WHAT THE EXERCISE ASKS: Set down exactly the lines below between the line holding "Holley 12-843 Fuel" and the line holding "Green icon depicting a star", inclusive; no other line belongs in the answer.

--- INFORMATION GIVEN Enclosed Below ---

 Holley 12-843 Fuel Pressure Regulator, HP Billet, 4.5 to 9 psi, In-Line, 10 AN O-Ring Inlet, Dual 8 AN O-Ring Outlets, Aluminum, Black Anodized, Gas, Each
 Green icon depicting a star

--- End of Enclosed INFORMATION GIVEN ---
--- INFORMATION GIVEN Enclosed Below ---

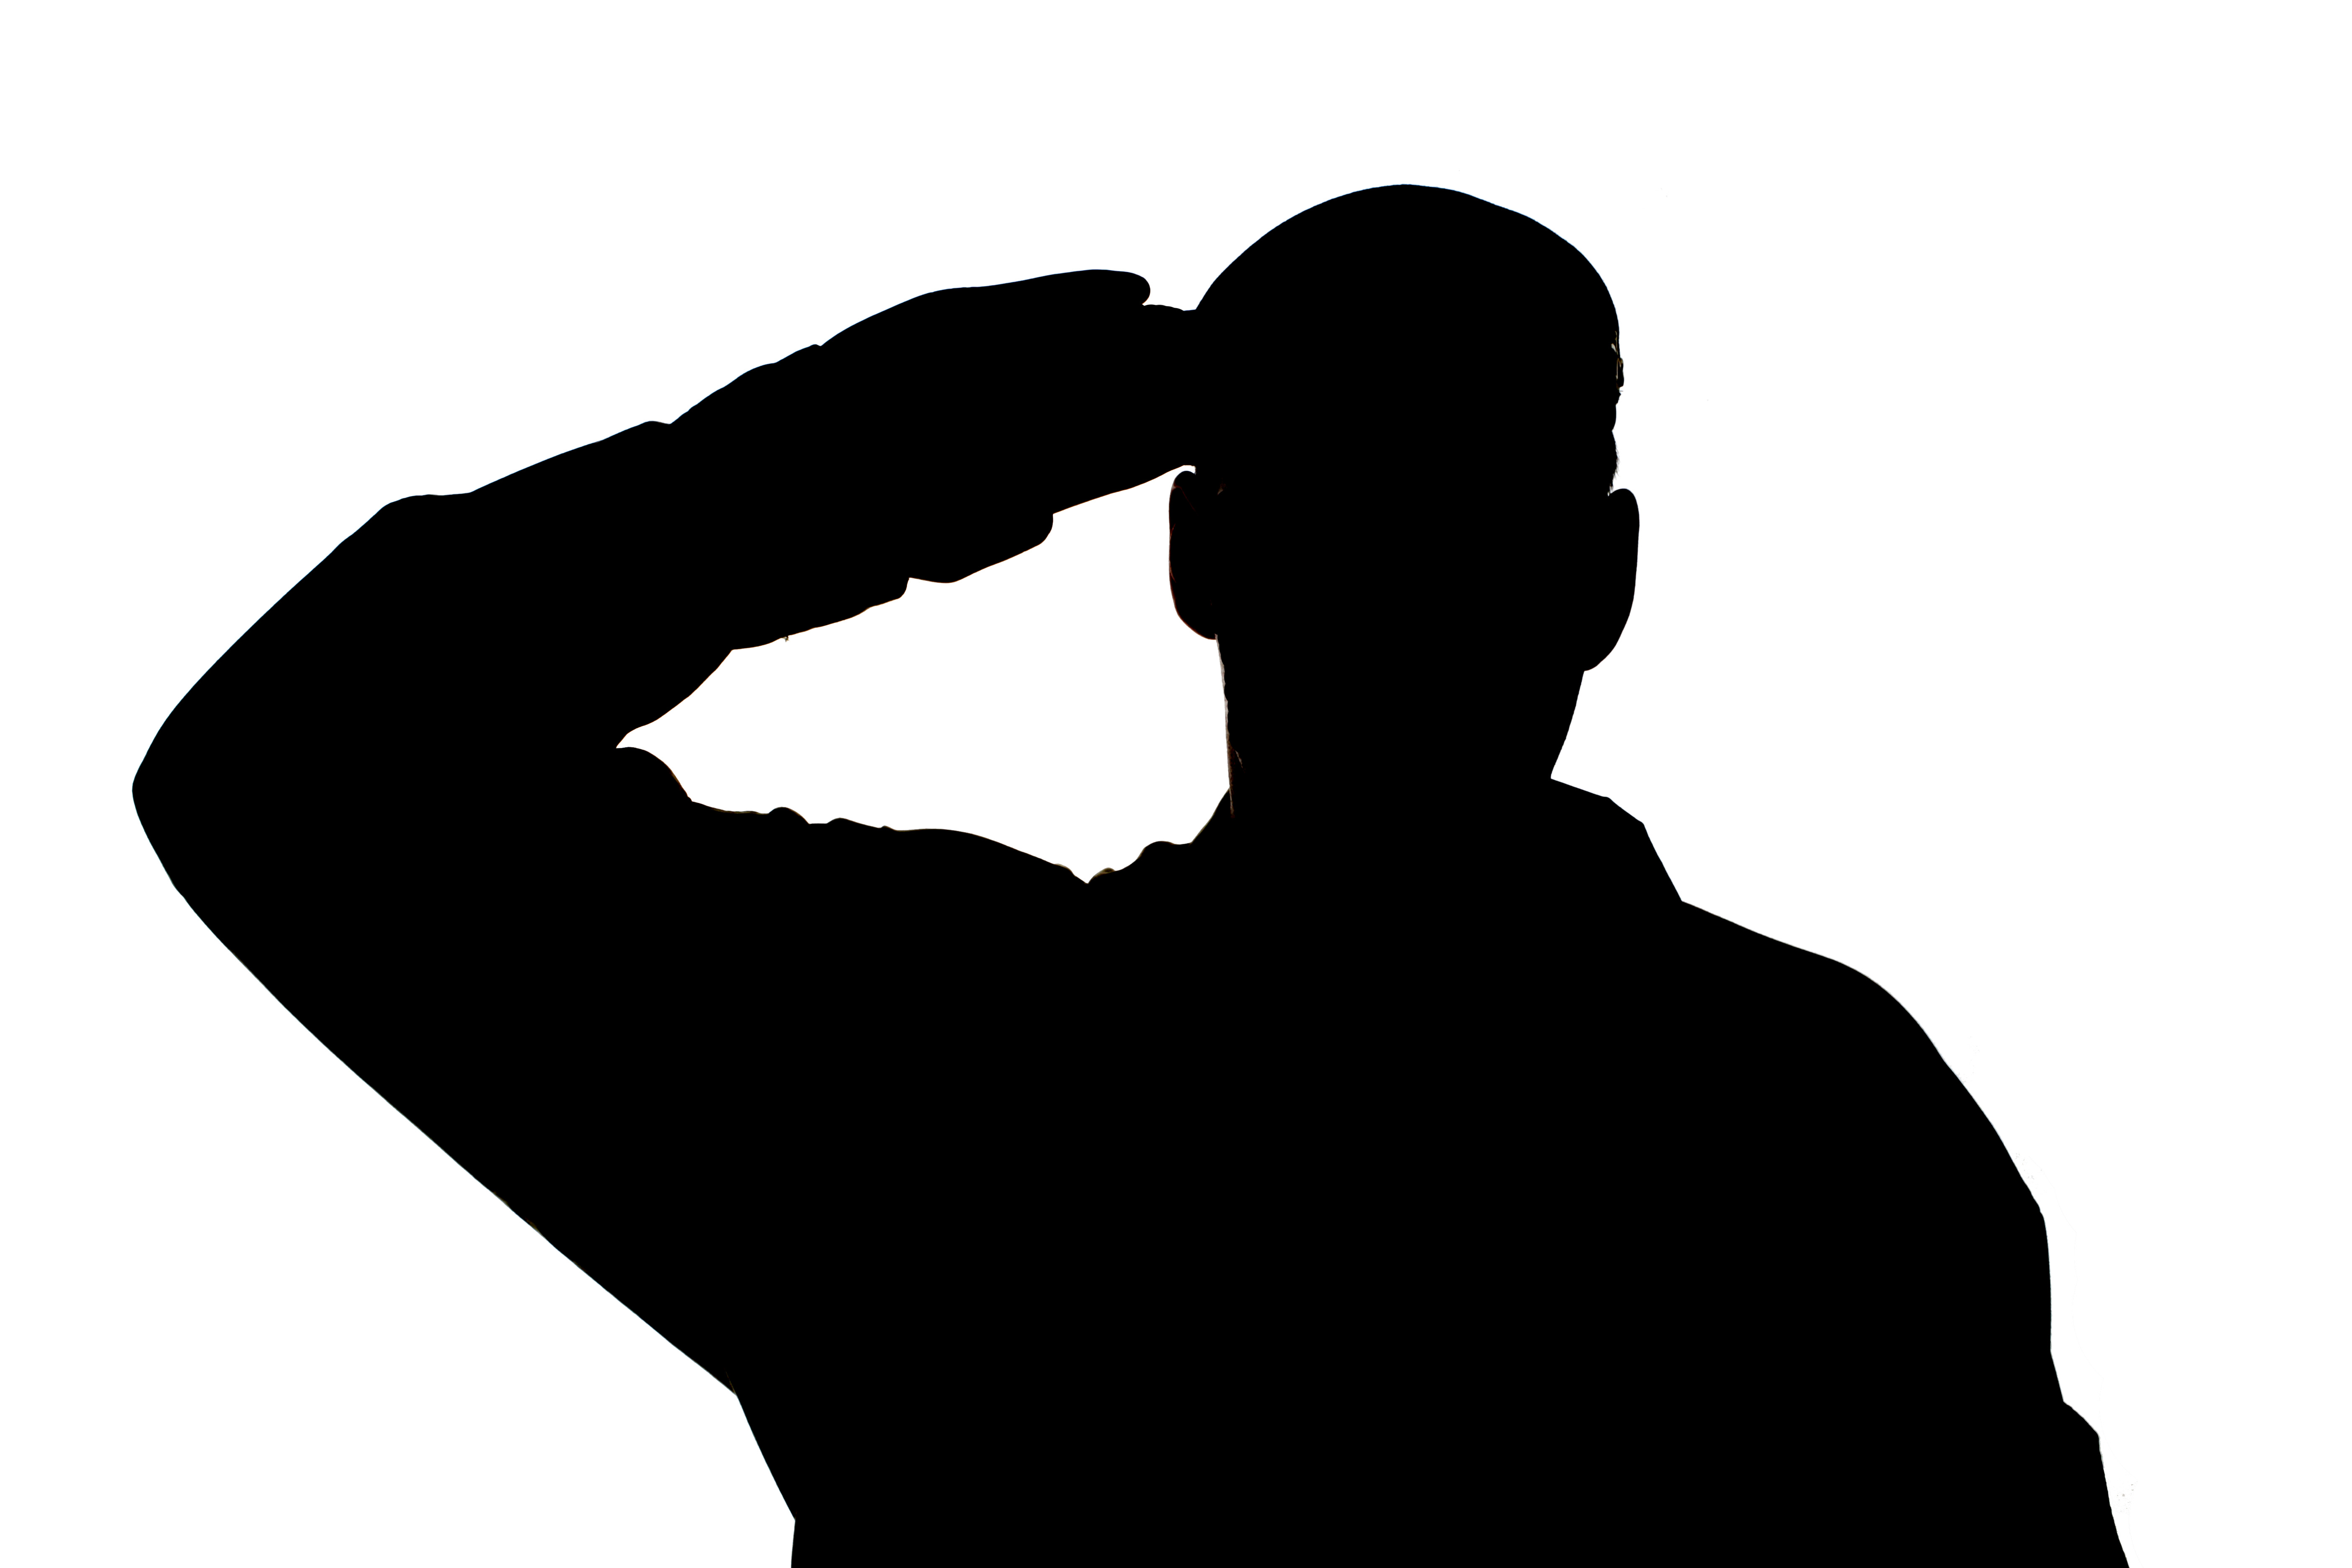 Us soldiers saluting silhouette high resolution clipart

--- End of Enclosed INFORMATION GIVEN ---

RESPONSE BOX:
 Holley 12-843 Fuel Pressure Regulator, HP Billet, 4.5 to 9 psi, In-Line, 10 AN O-Ring Inlet, Dual 8 AN O-Ring Outlets, Aluminum, Black Anodized, Gas, Each
 Green icon depicting a star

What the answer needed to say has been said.